In crypto-phishing, cybercriminals spoof a legitimate website or social media account, change the real URL, and trick users into thinking they are communicating with the actual website or account. A crypto-phishing scam hit the Electrum wallet in December 2018, and almost $1 million was reported as stolen, with the hacker wetting up several malicious servers. As late as August 2020, two more people from the same wallet said their coins had been stolen.

How to protect your coins

You have to be very careful in storing and trading cryptocurrency in various ways.

  1. Investing in a VPN

A Virtual Private Network is among the best protection you can use while trading cryptocurrency. Downloading a VPN allows you to stay anonymous. The app hides your IP address and allocates a virtual location for your device. Most cryptocurrencies are not anonymous but enable you to use pseudonyms. This makes tracing you in cryptocurrency exchanges possible. A VPN also encrypts your data, ensuring nobody can snoop in on your information when you log into your crypto wallet.

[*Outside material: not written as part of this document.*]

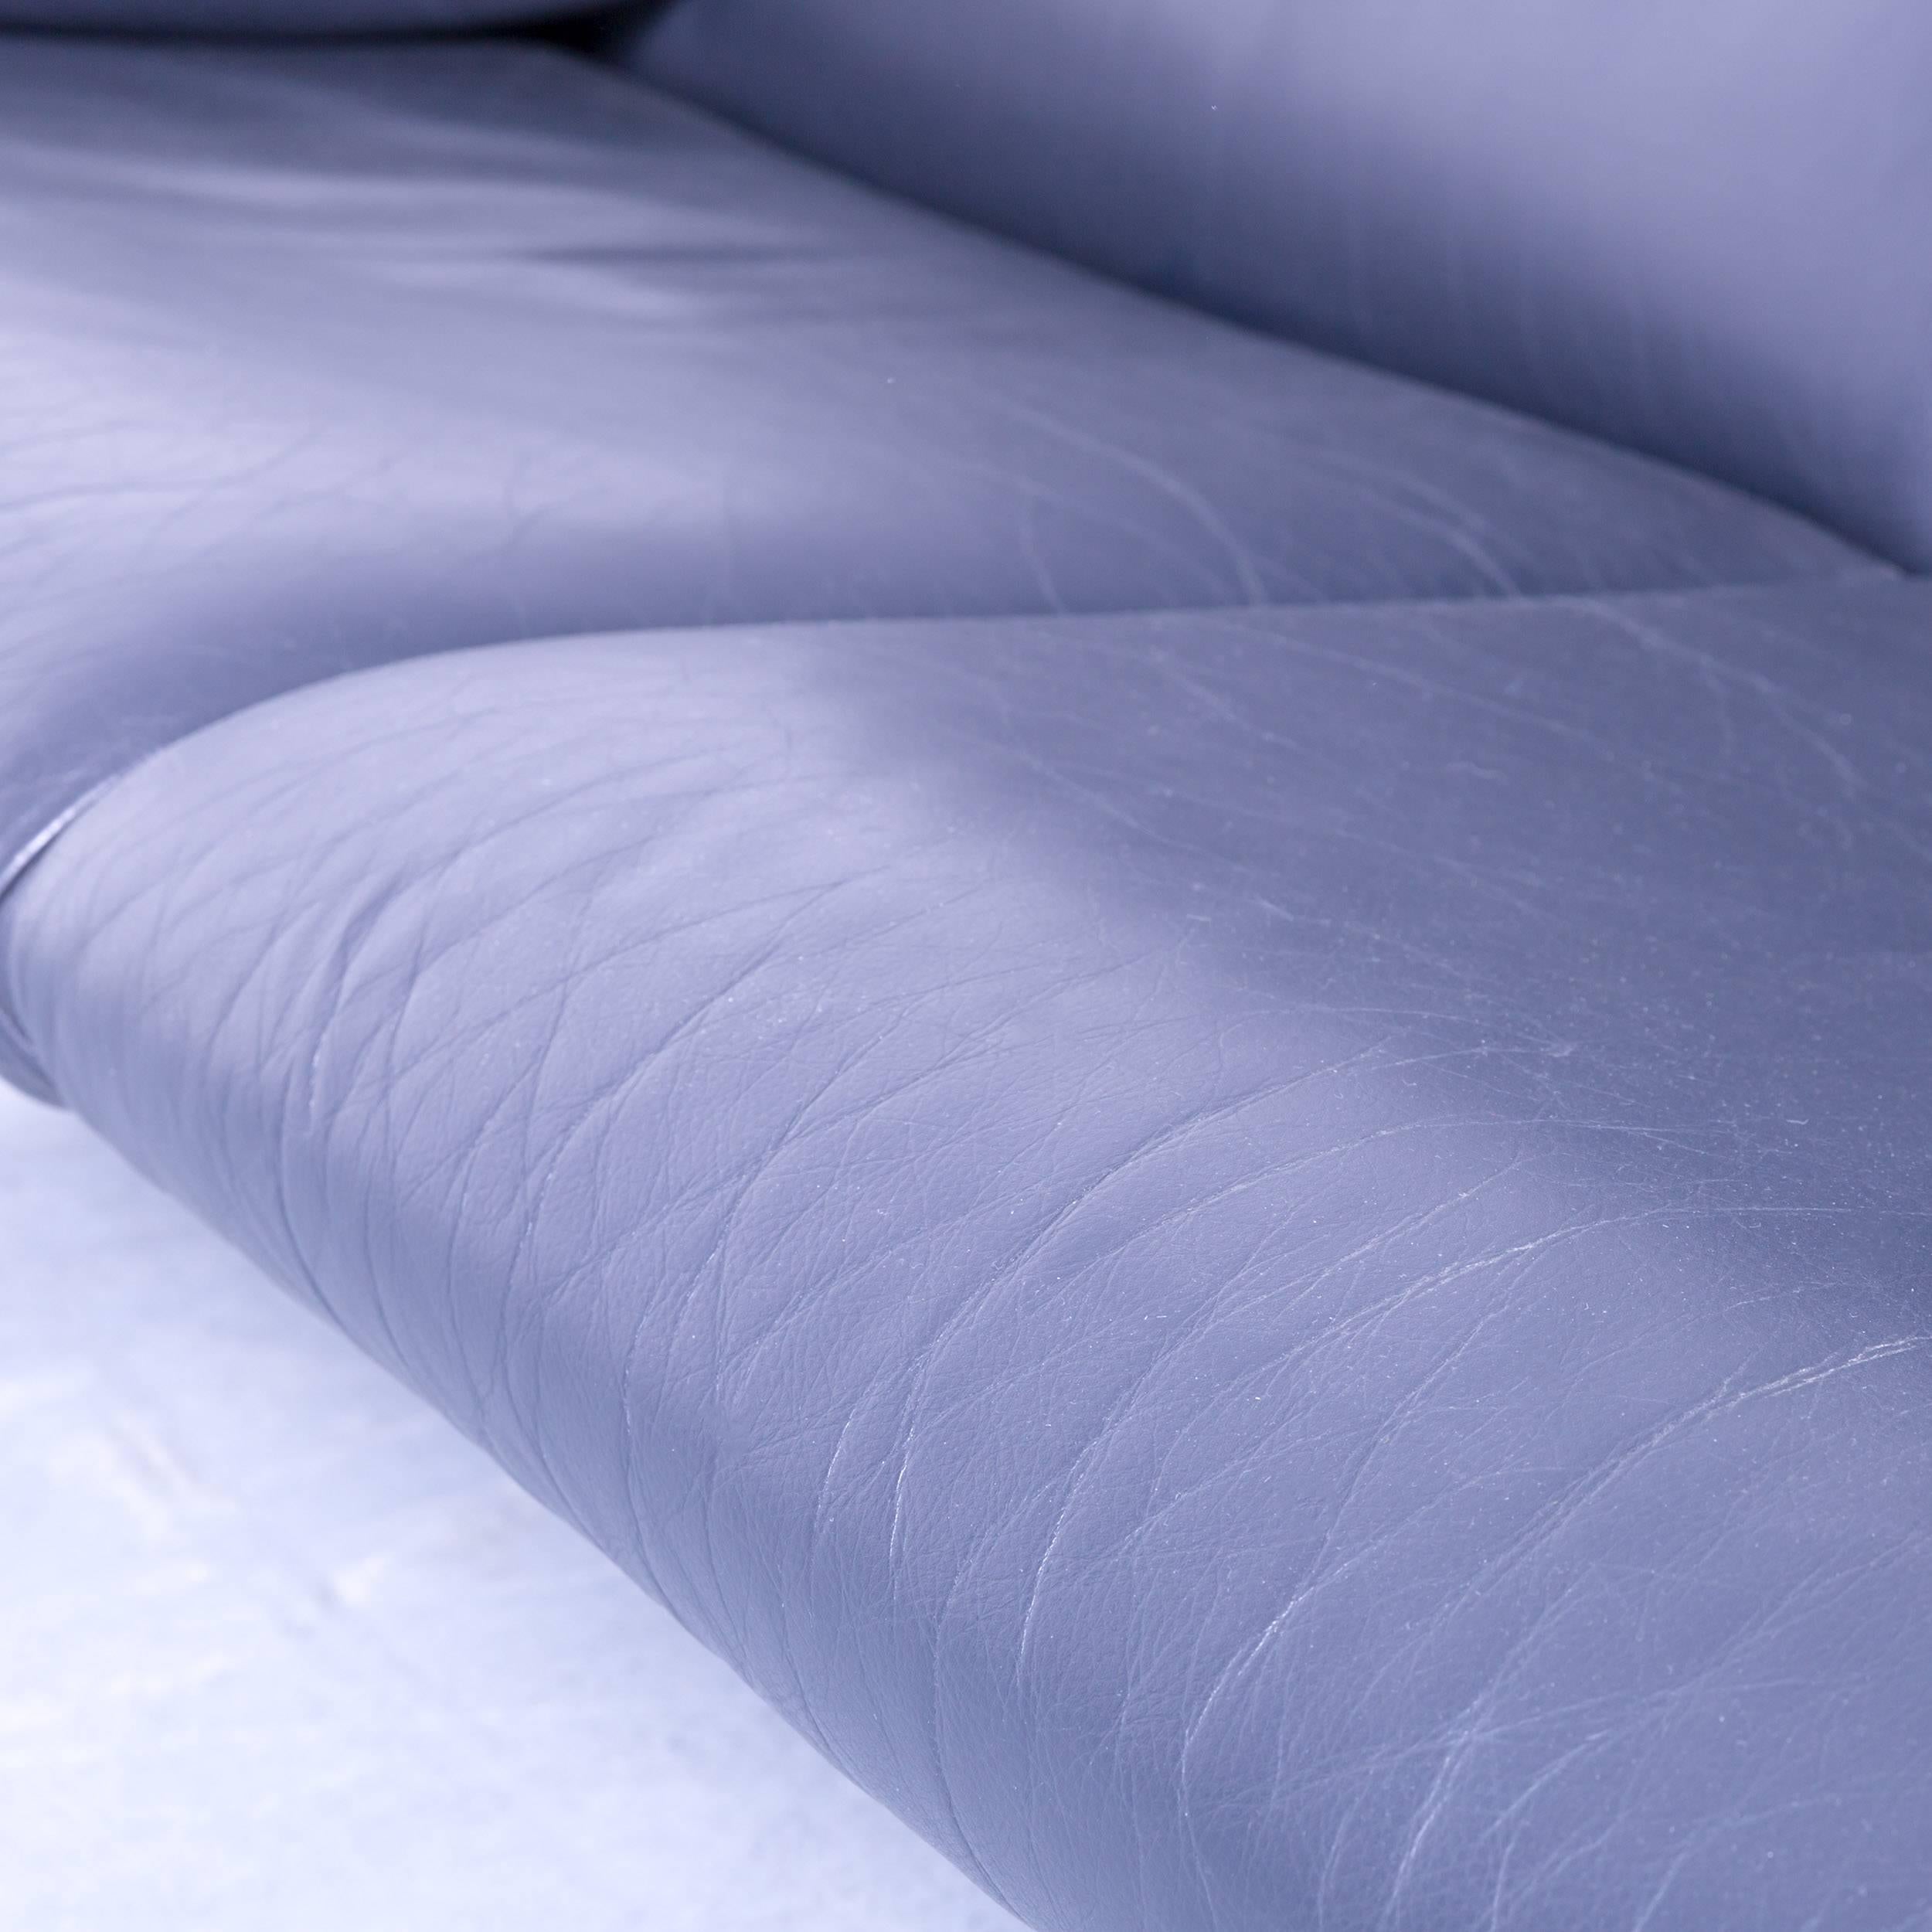 Swiss De Sede DS 10 Designer Sofa Navy Blue Leather Three-Seat Couch Switzerland

  1. Secure email service subscription

Subscribe to a secure email service, which will provide:

  • End to end encryption
  • Security restrictions
  • Strict confidentiality
  1. Cold storage

Cryptocurrency hardware wallets also referred to as cold storage are used for coin and asset storage. Hardware wallets are standard in cryptocurrency environments, with investors looking for offline security.

  1. Multisig addresses

Multisig or multisignature addresses are permission slips that allow you to stay safe while performing your digital transactions. A multisig uses more than one key for authorizing transactions in your wallet. This means you need to involve two or more individuals to hold the other keys. The other key holders cannot access your funds without your consent and knowledge, so your funds are safe.

  1. Separating funds

To keep your funds safe, make sure you have at least two crypto-wallets, depending on how considerable your savings are. The first wallet should be used for trading and transacting. The other wallet or wallets should be for savings storage. Store the savings wallet in a secure location or in a cold storage wallet to prevent theft and fraud. Keep the private keys offline, split them up in two or three portions, and place them in different locations.

Conclusion

When trading in cryptocurrency, you need to be very careful, as scams are rampant. Taking the above measures will keep your funds safe, as well as caution and common sense. If something does not feel right, it probably is not. While using cautionary measures is critical, so is due diligence. 

Be wary of any emails asking you to divulge sensitive information, as well as clicking on suspicious links. Many have lost, and many will continue losing funds, so make sure you are not among the statistics.